───── Extracted data
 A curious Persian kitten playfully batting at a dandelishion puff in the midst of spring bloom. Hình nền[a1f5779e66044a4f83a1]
──────────
───── Extracted data
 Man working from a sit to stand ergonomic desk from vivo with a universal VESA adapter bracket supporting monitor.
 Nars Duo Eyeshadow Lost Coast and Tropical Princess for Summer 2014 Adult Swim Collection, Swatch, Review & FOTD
──────────
───── Extracted data
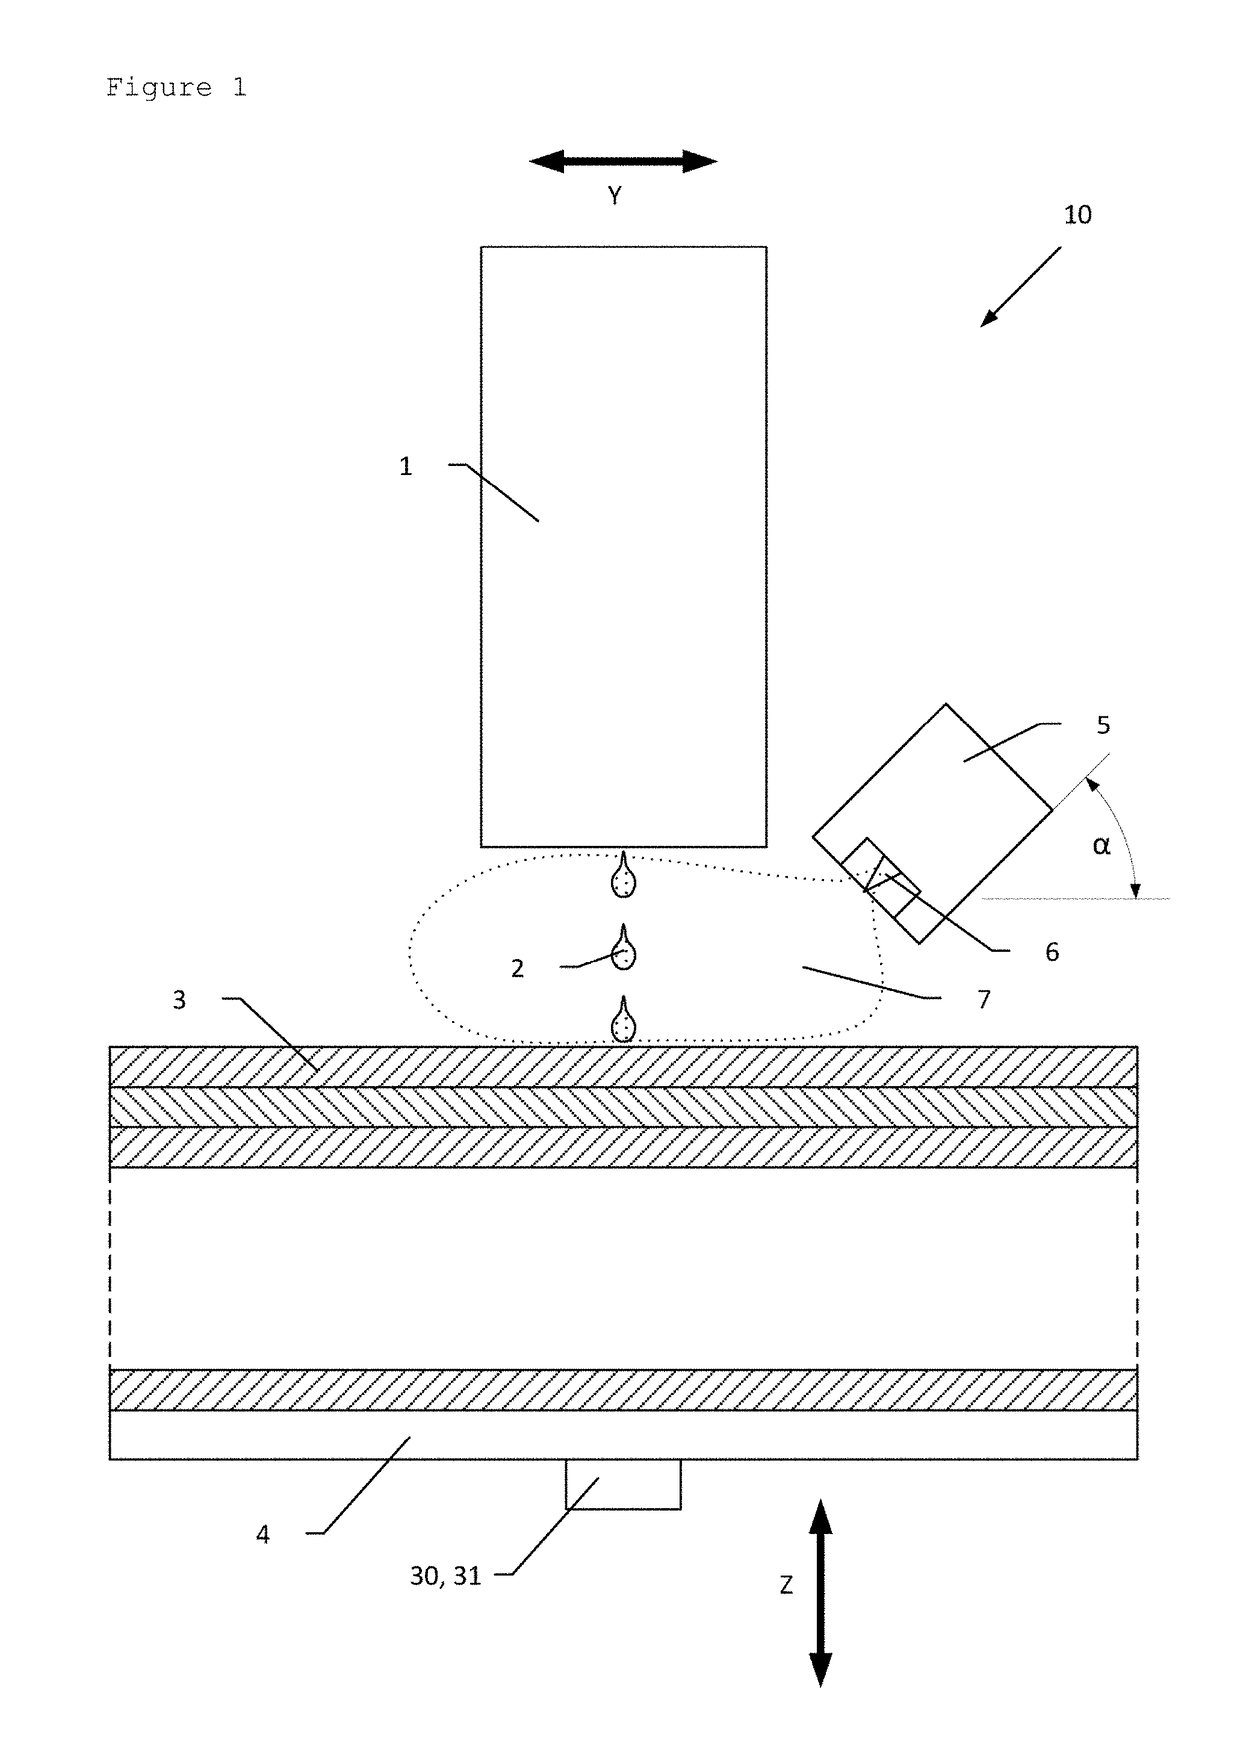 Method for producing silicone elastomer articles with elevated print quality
──────────
Exercise: Within the material above, transcribe exactly the lines that run from the line holding "Man working from" through the line holding "Nars Duo Eyeshadow".

Result:
 Man working from a sit to stand ergonomic desk from vivo with a universal VESA adapter bracket supporting monitor.
 Nars Duo Eyeshadow Lost Coast and Tropical Princess for Summer 2014 Adult Swim Collection, Swatch, Review & FOTD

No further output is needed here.